Setelah itu, Huang Ershao kembali kepada topik utama, “Paduka Kaisar, jadi, tentang isi kertas itu, apakah saya harus melakukannya?”

“Menurutmu sendiri bagaimana? Apakah kau tertarik pada kecantikan Nona Besar keluarga Jiang yang disebut-sebut sebagai wanita tercantik di ibu kota?” Untuk pujian Huang Ershao tadi, Zhu Jingxuan tidak memberi tanggapan, namun mengenai urusan lamaran itu, ia justru tertarik.

“Paduka Kaisar, wanita tercantik di ibu kota ini, di seluruh negeri, hanya Baginda yang pantas memilikinya. Mana mungkin saya berani menginginkannya?” jawab Huang Ershao merendah.

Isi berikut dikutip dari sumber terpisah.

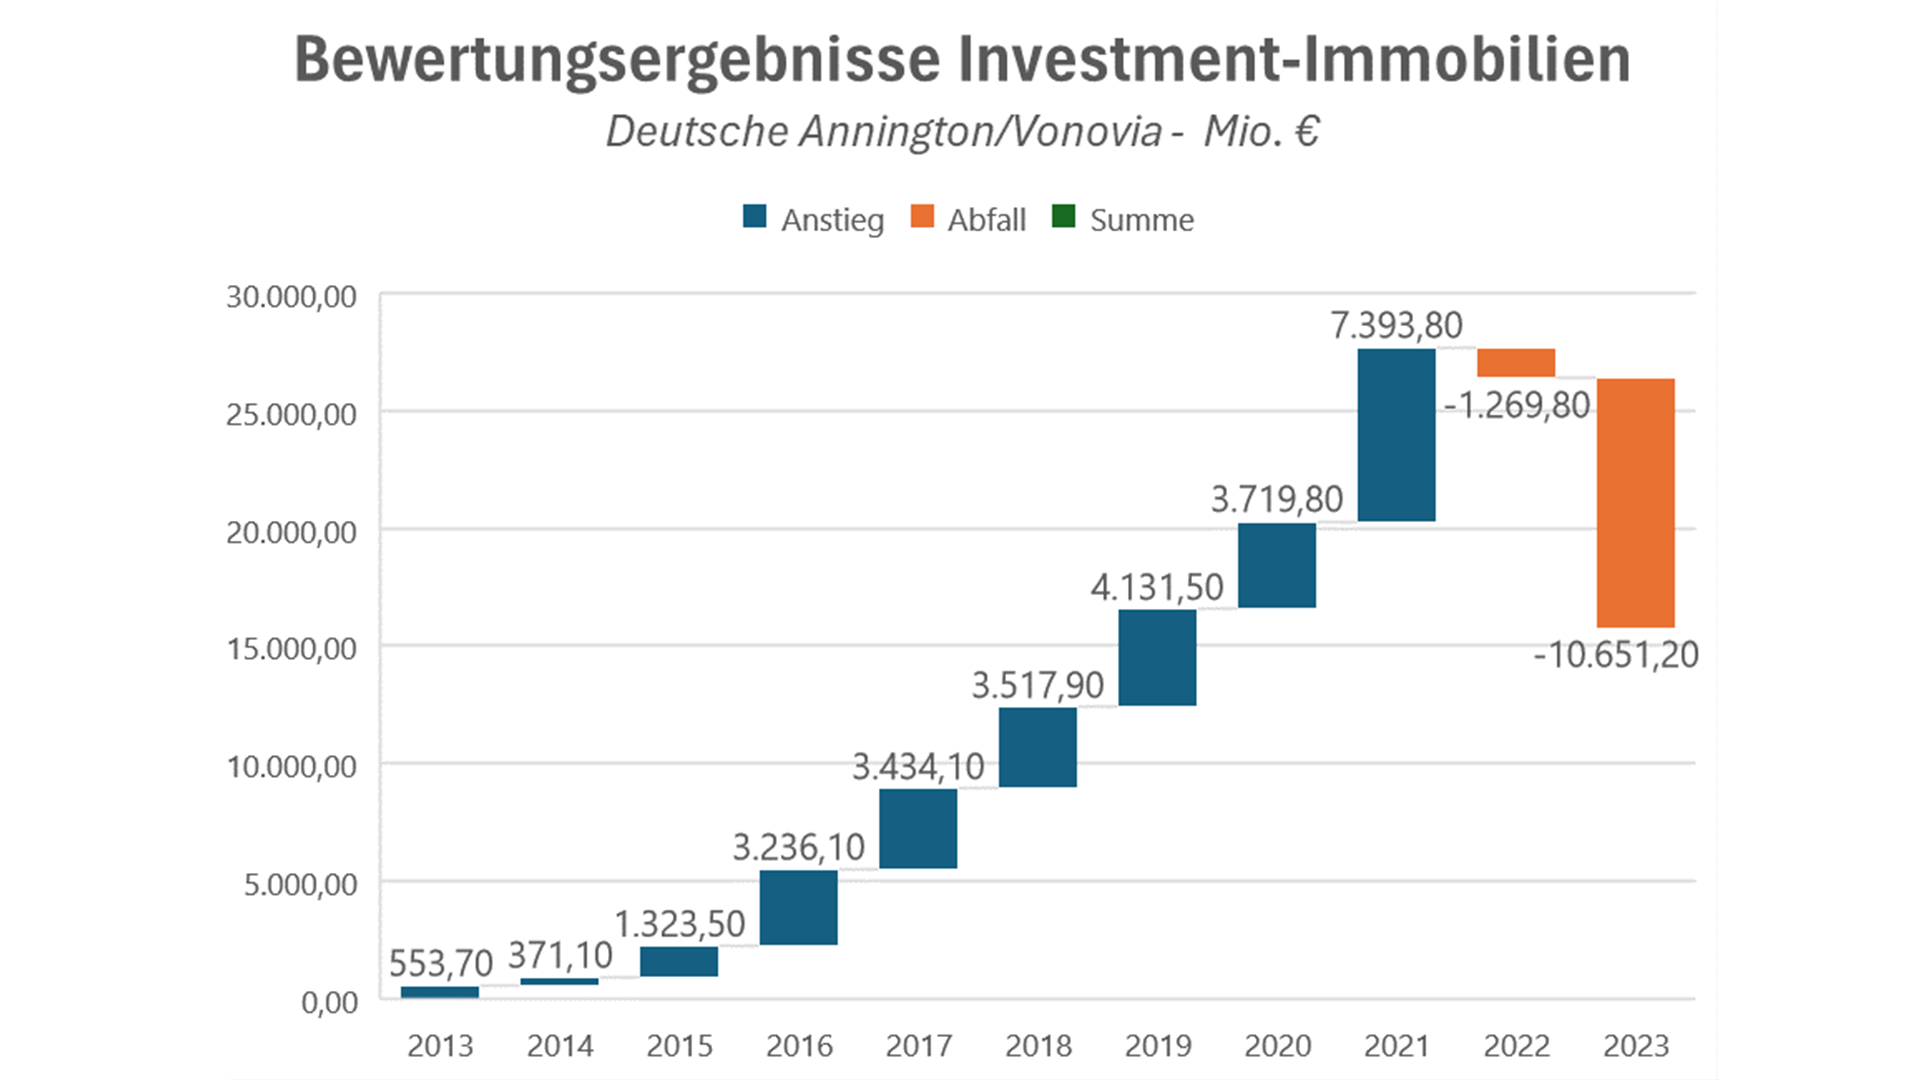 Bewertungsergebnisse Investment-Immobilien (Deutsche Annington/Vonovia - in Millionen Euro)
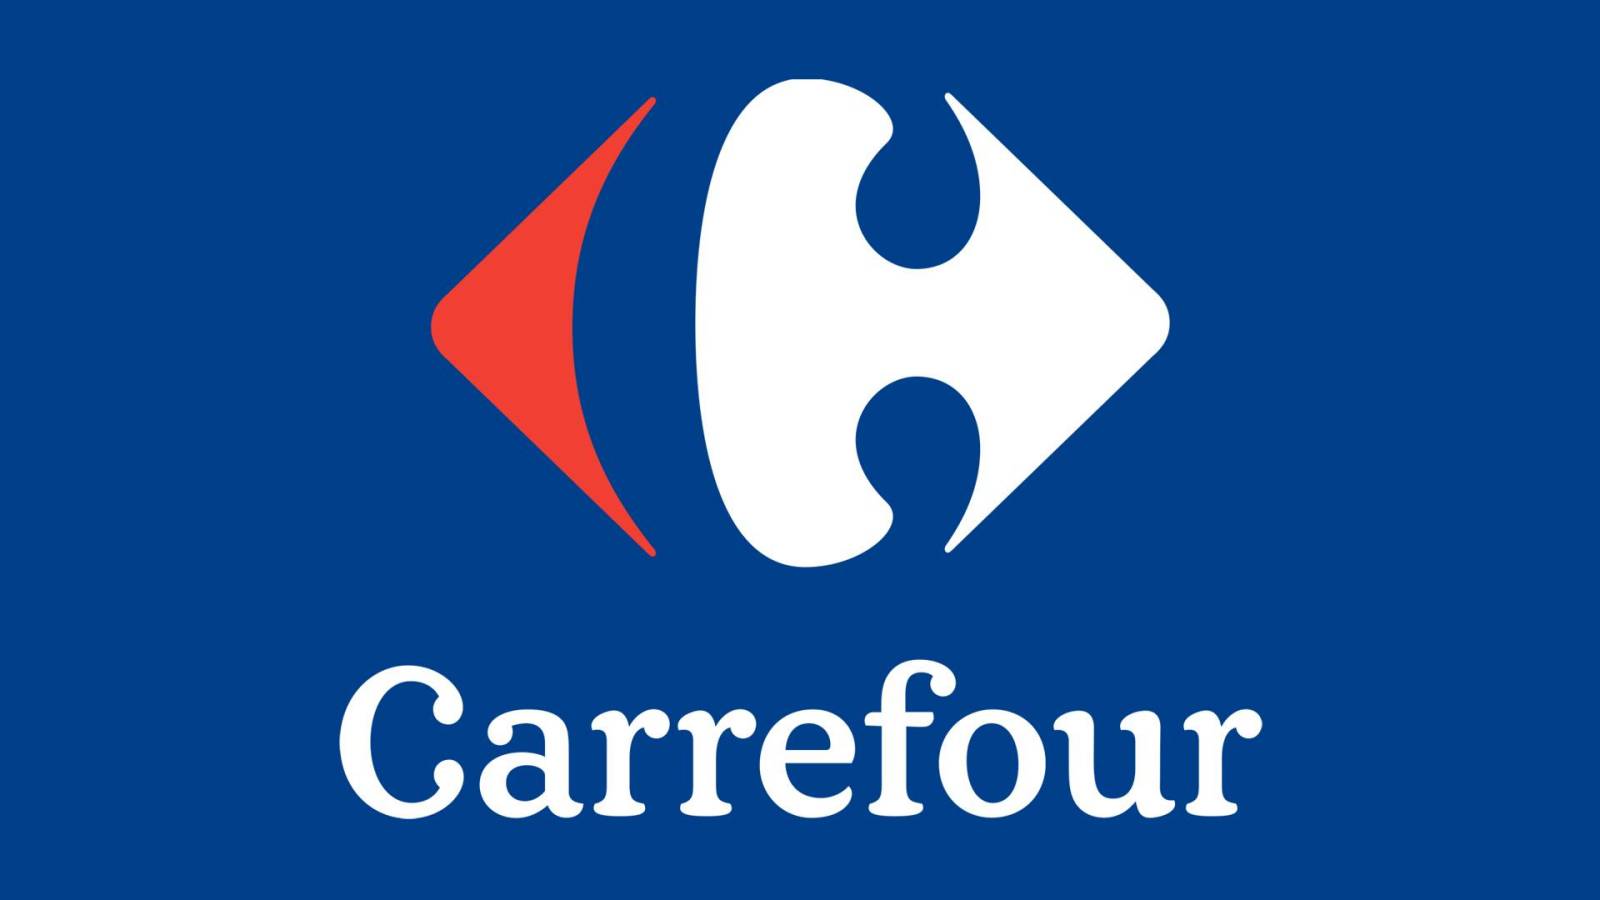 Carrefour VIKTIGT GRATIS BESLUT till rumäner över hela landet

Zhu Jingxuan tidak berkomentar atas jawabannya. Setelah berpikir sejenak, ia berkata,

“Kertas itu toh tidak menyebutkan kapan kau harus melamar ke Kediaman Pengawal Negara. Kalau begitu, sebaiknya kau tunggu dulu. Lihat saja apa yang akan dilakukan Nona Besar keluarga Jiang dalam pertemuan puisi besok.”

“Sepertinya, tujuan utama pertemuan puisi besok memang untuk membantah rumor dan memulihkan namanya.”

“Kalau dia berhasil mengembalikan reputasinya, urusan lamaranmu jadi tak perlu, bahkan jika kau tetap membawa seserahan, bisa-bisa malah memperburuk hubungan dengan keluarga Pengawal Negara, benar-benar merugikan.”

“Tetapi kalau dia gagal memulihkan nama baiknya, barulah kau jalankan isi kertas itu, bawa seserahan dan melamar ke kediaman mereka. Siapa tahu, kau benar-benar bisa membawa pulang ‘wanita tercantik di ibu kota’ itu!”

...

Mendengar penjelasan Zhu Jingxuan, Tuan Muda Huang tampak tak percaya. Setelah tertegun sejenak, ia dengan hati-hati mengingatkan Zhu Jingxuan, “Lalu… Paduka Kaisar, orang yang mengirimkan kertas ini pada saya, apakah kita tidak perlu menyelidikinya lebih lanjut?”